What you return must match the listing exactly, with every image removed.

++++ Data excerpt

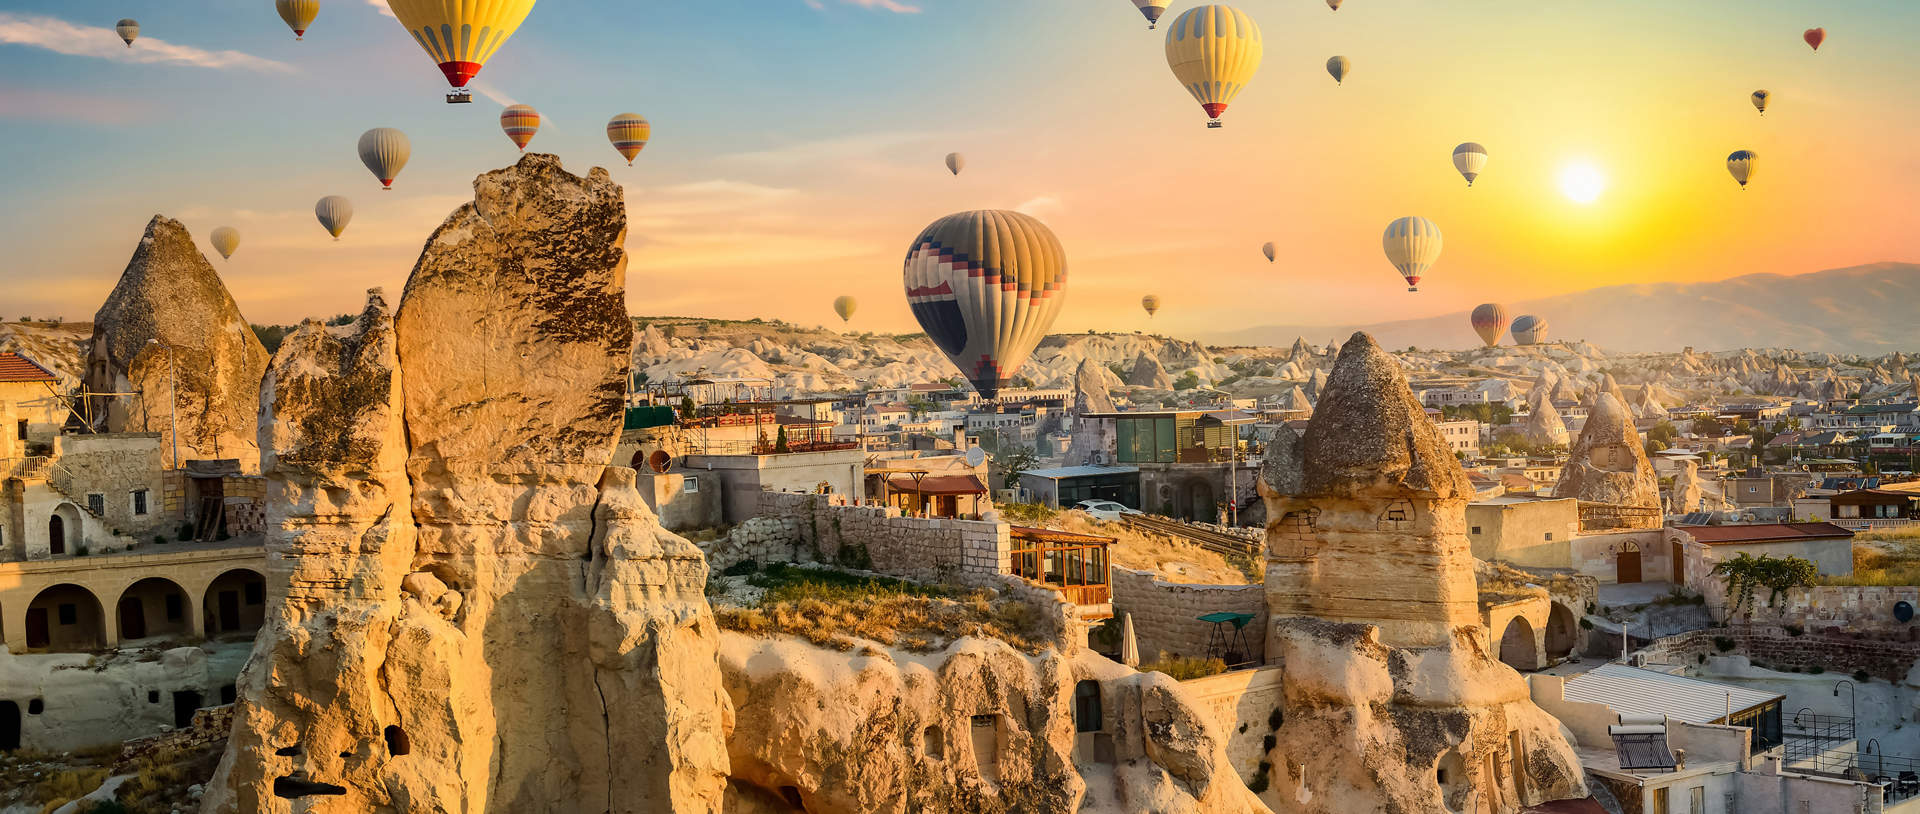 Hot Air Balloons Over Cappadocia Turkey
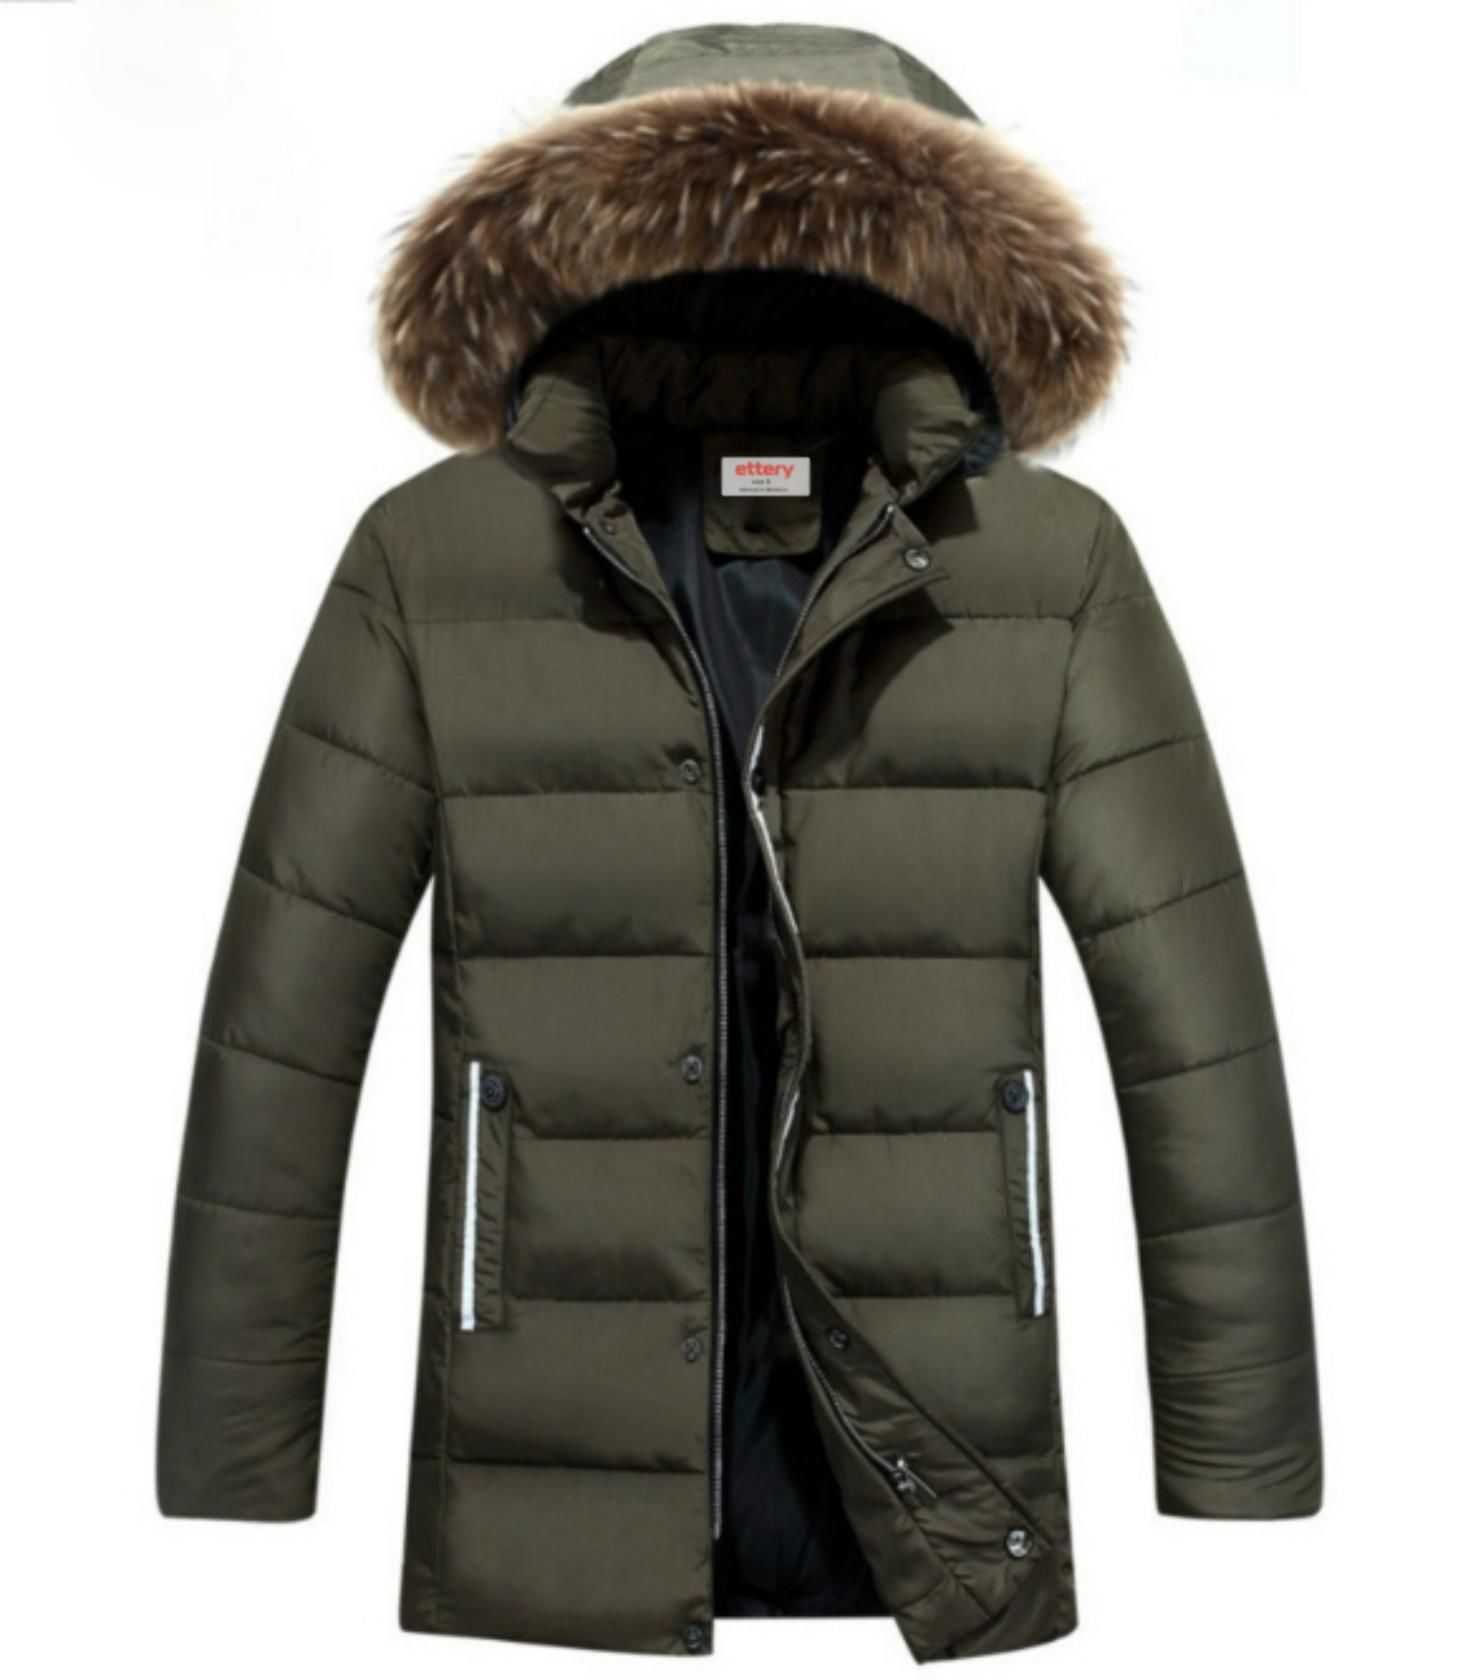 Men's Winter Jacket
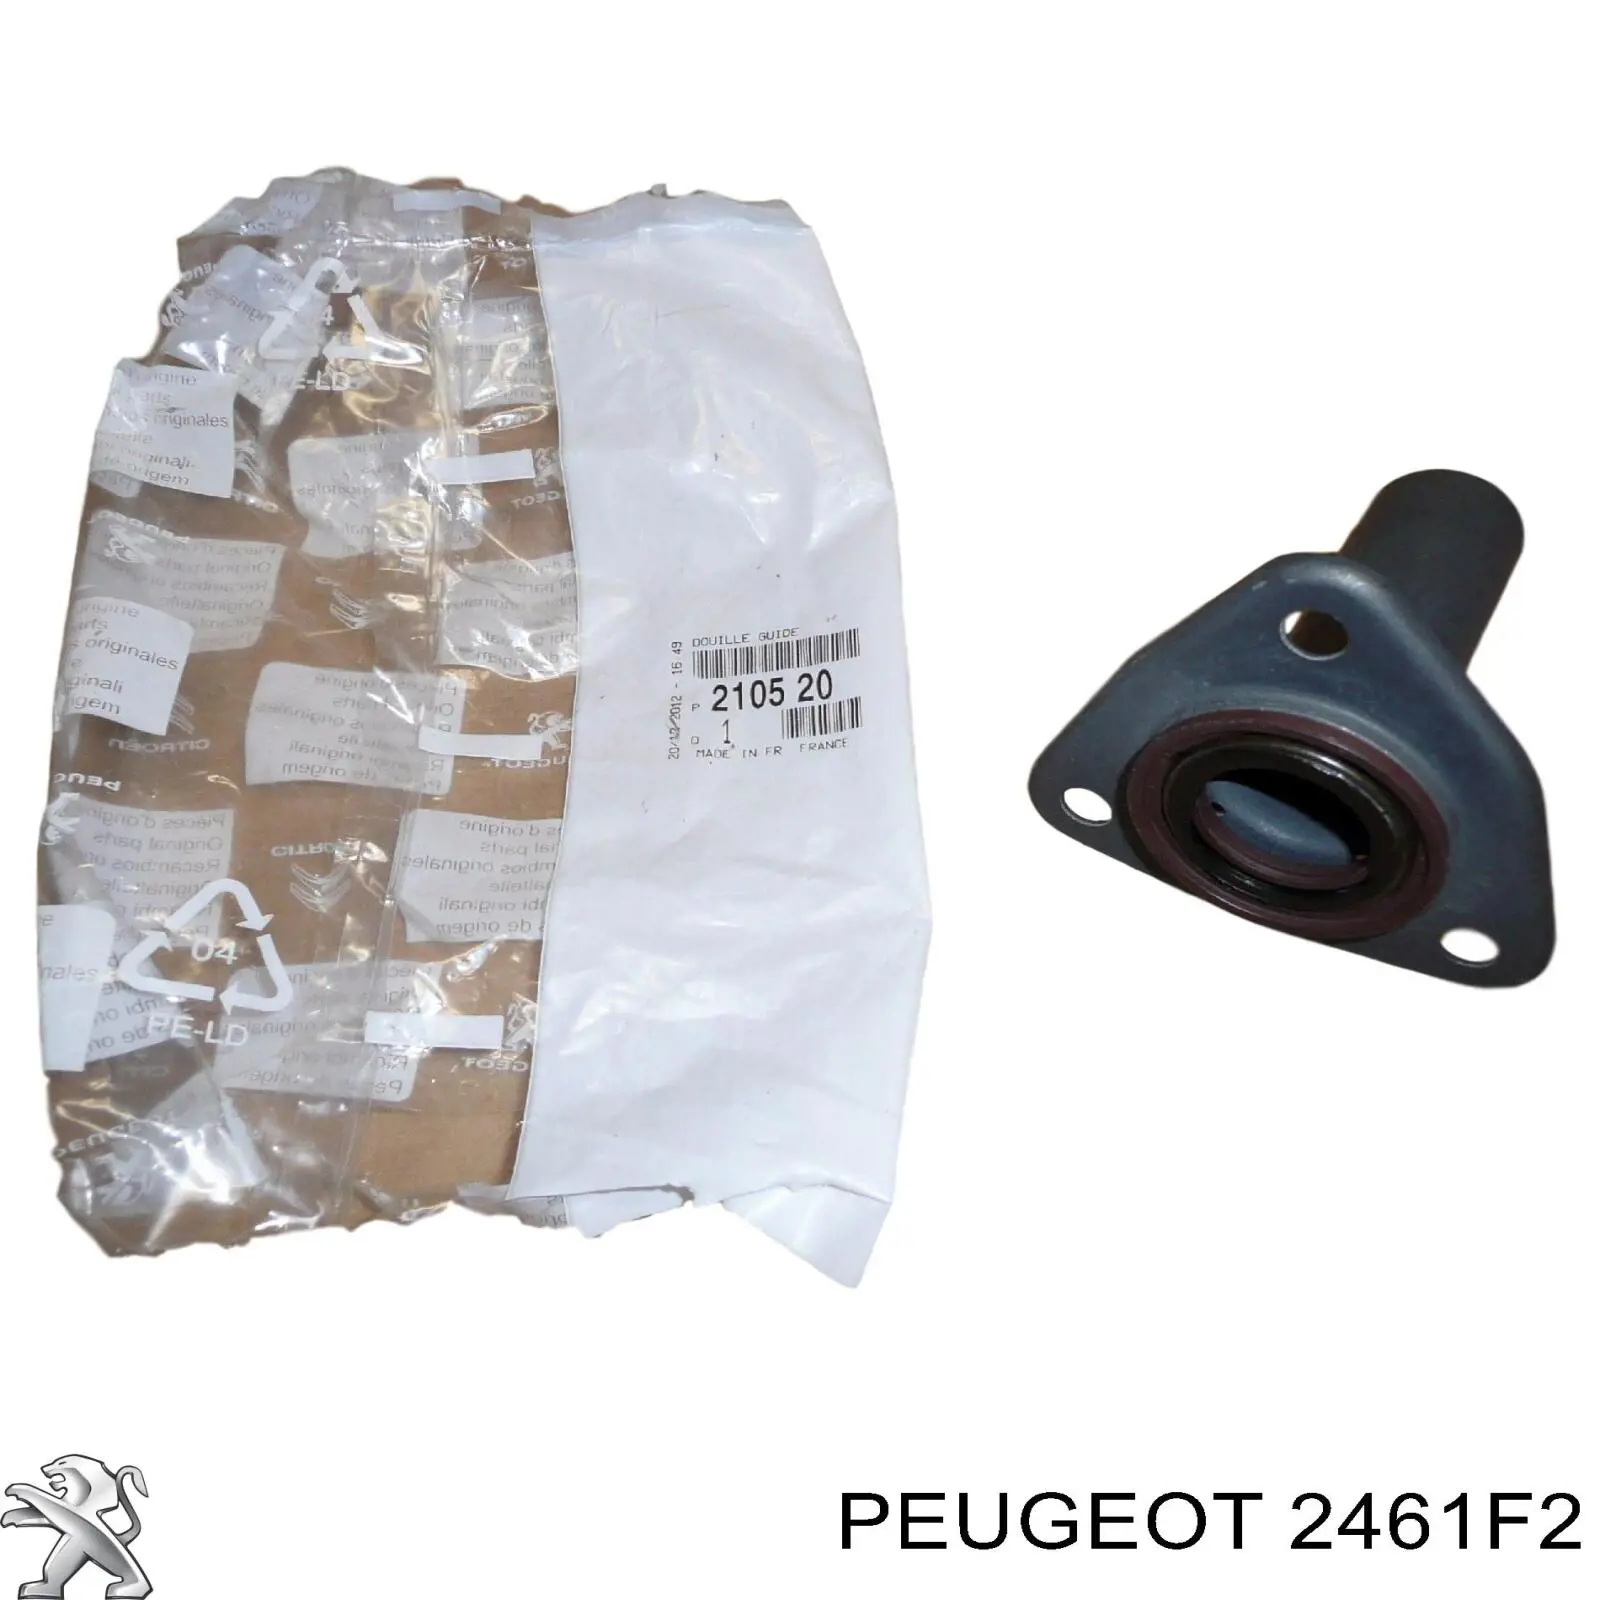 2461F2 Peugeot/Citroen depósito de caja de cambios hidraulica
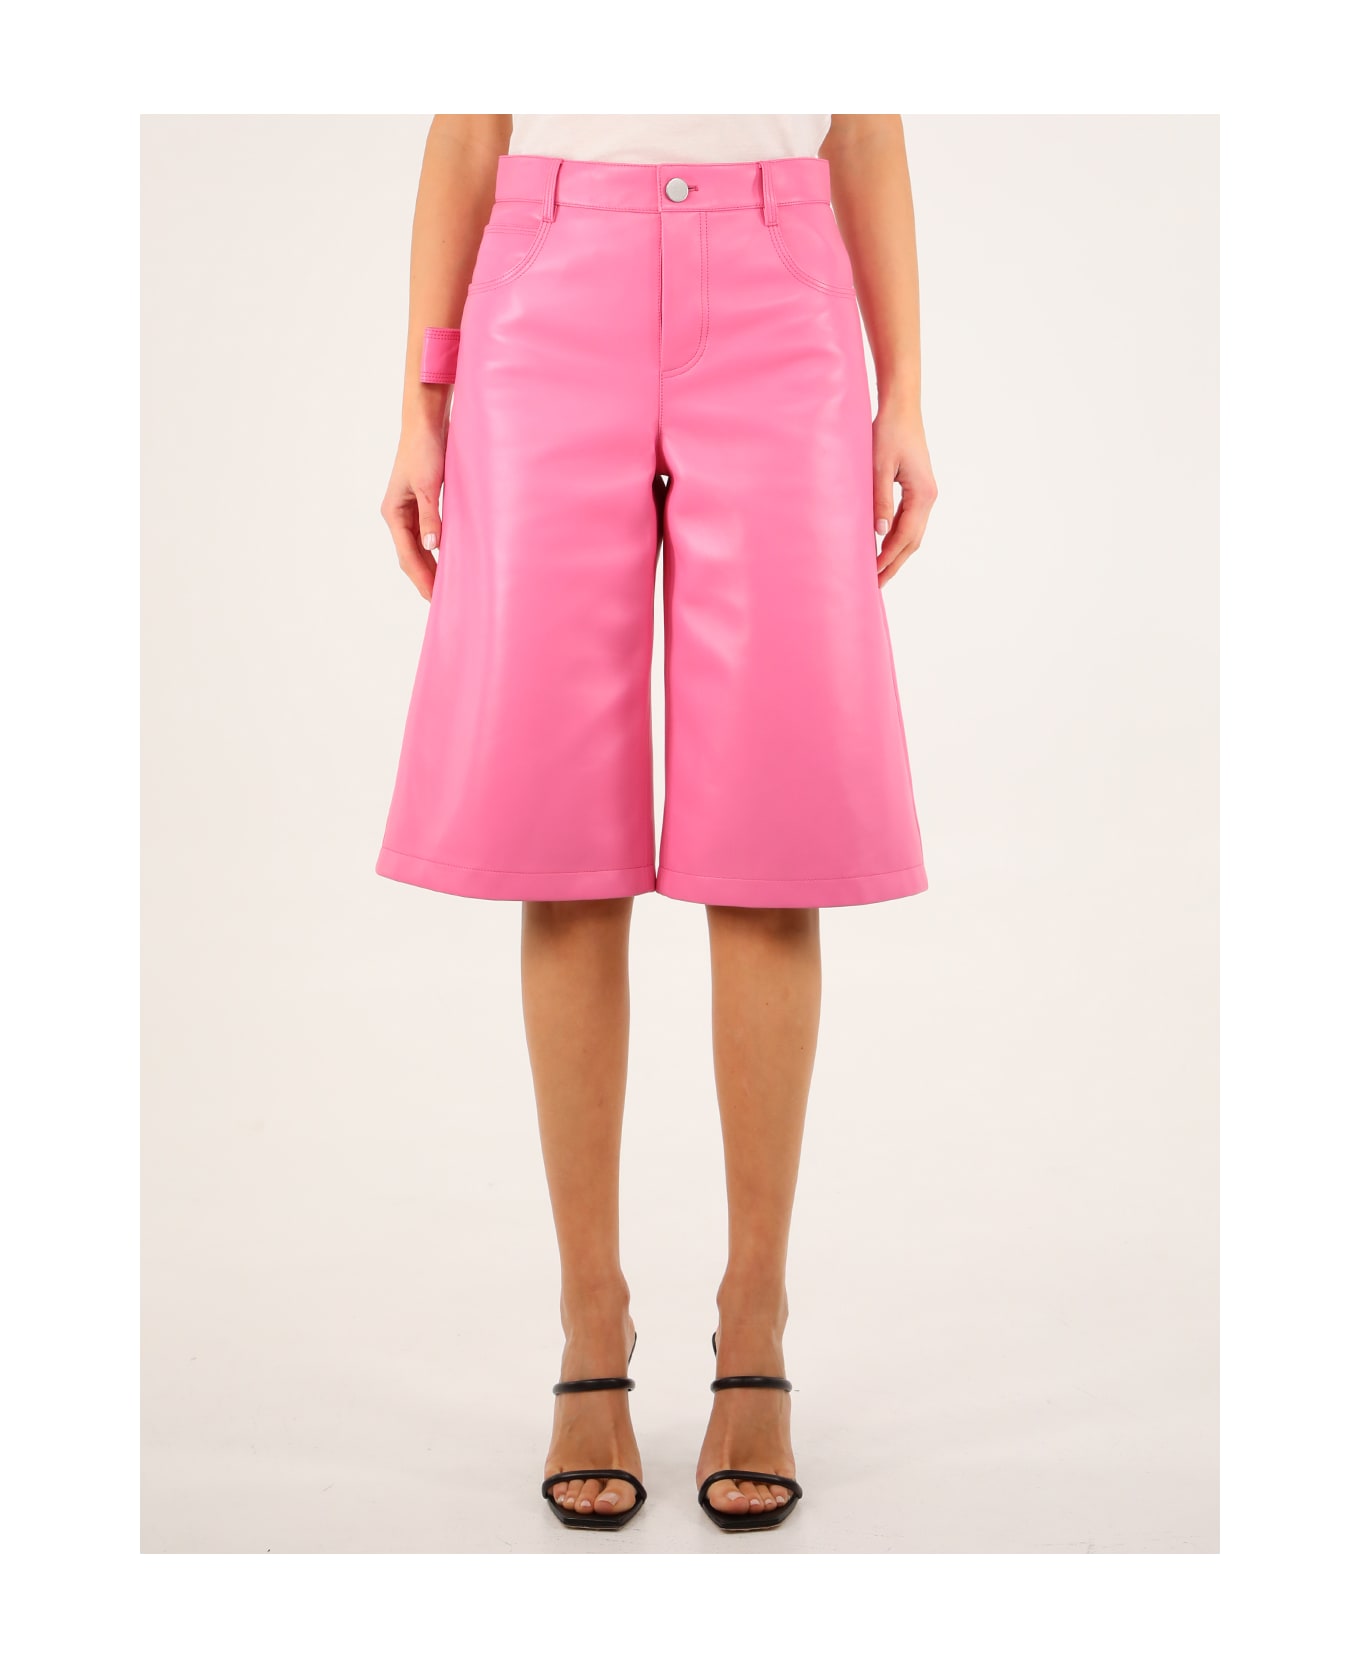 Bottega Veneta Pink Leather Bermuda Shorts - Pink

++++++++

Expected answer ->
 Hot Air Balloons Over Cappadocia Turkey
 Men's Winter Jacket
 2461F2 Peugeot/Citroen depósito de caja de cambios hidraulica
 Bottega Veneta Pink Leather Bermuda Shorts - Pink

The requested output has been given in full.